Why are differences in performance assumed to covary with differences in pay? Actually, this assumption is true only in a perfectly competitive labor market.[28] In a perfectly competitive labor market, every worker earns the marginal revenue product accrued to the firm from his or her labor. Thus, the firm is indifferent to workers whose compa-ratios are 0.80, 1.0, or 1.20 because each worker is paid exactly what he or she is “worth.”

Many entry-level jobs (for example, management analysts) approximate conditions where it is reasonable to assume that compa-ratio differences reflect performance differences. Above the entry level, however, labor markets are often imperfect because workers develop what economists call “firm-specific human capital.”[29] Workers who have specific job knowledge that is valued by their firms (for example, in banking, automobiles, computers) tend to command higher wages. However, their value is reflected only partly in their higher wages. Wages reflect what economists call “opportunity costs,” or the value of a worker’s second best employment opportunity. Competitors are only able to offer a wage that reflects the economic value of a worker to them. Therefore, opportunity costs and the wage rates paid to valued employees tend to reflect only the portion of a worker’s economic value that is easily transferable from one employer to another (that is, “generic”). The portion of an employee’s value that is not easily transferable, the firm-specific component, typically is reflected only partially in employee wages, if at all. Thus, the economic value of workers with firm-specific human capital is above their wage (opportunity cost) level, but can be assumed to be proportionate to these wages.
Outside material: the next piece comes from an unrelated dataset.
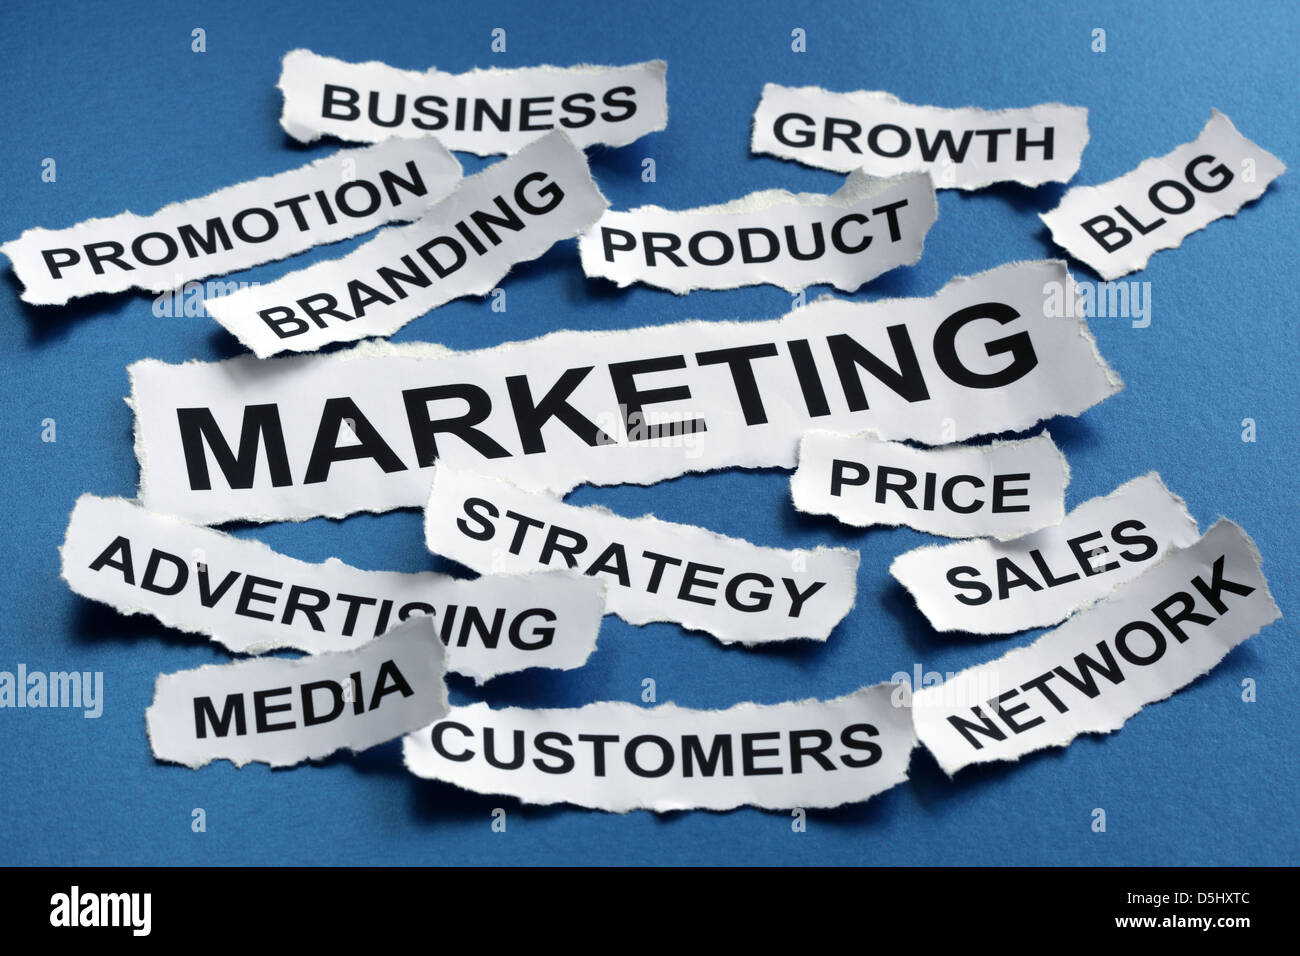 Marketing and strategy concept Stock Photo

If an employee with substantial amounts of firm-specific human capital leaves the firm and is replaced by a worker who lacks such firm-specific human capital, the replacement will receive a lesser wage. However, if a poor performer leaves and is replaced by a worker with more human capital, albeit non-firm-specific, the replacement will receive a higher wage than the leaver.[30] The difference in pay between leavers and their replacements thus represents an indicator, although an imperfect one, of the “uncompensated performance differential” due to firm-specific human capital, and it should be considered when determining the net costs of turnover.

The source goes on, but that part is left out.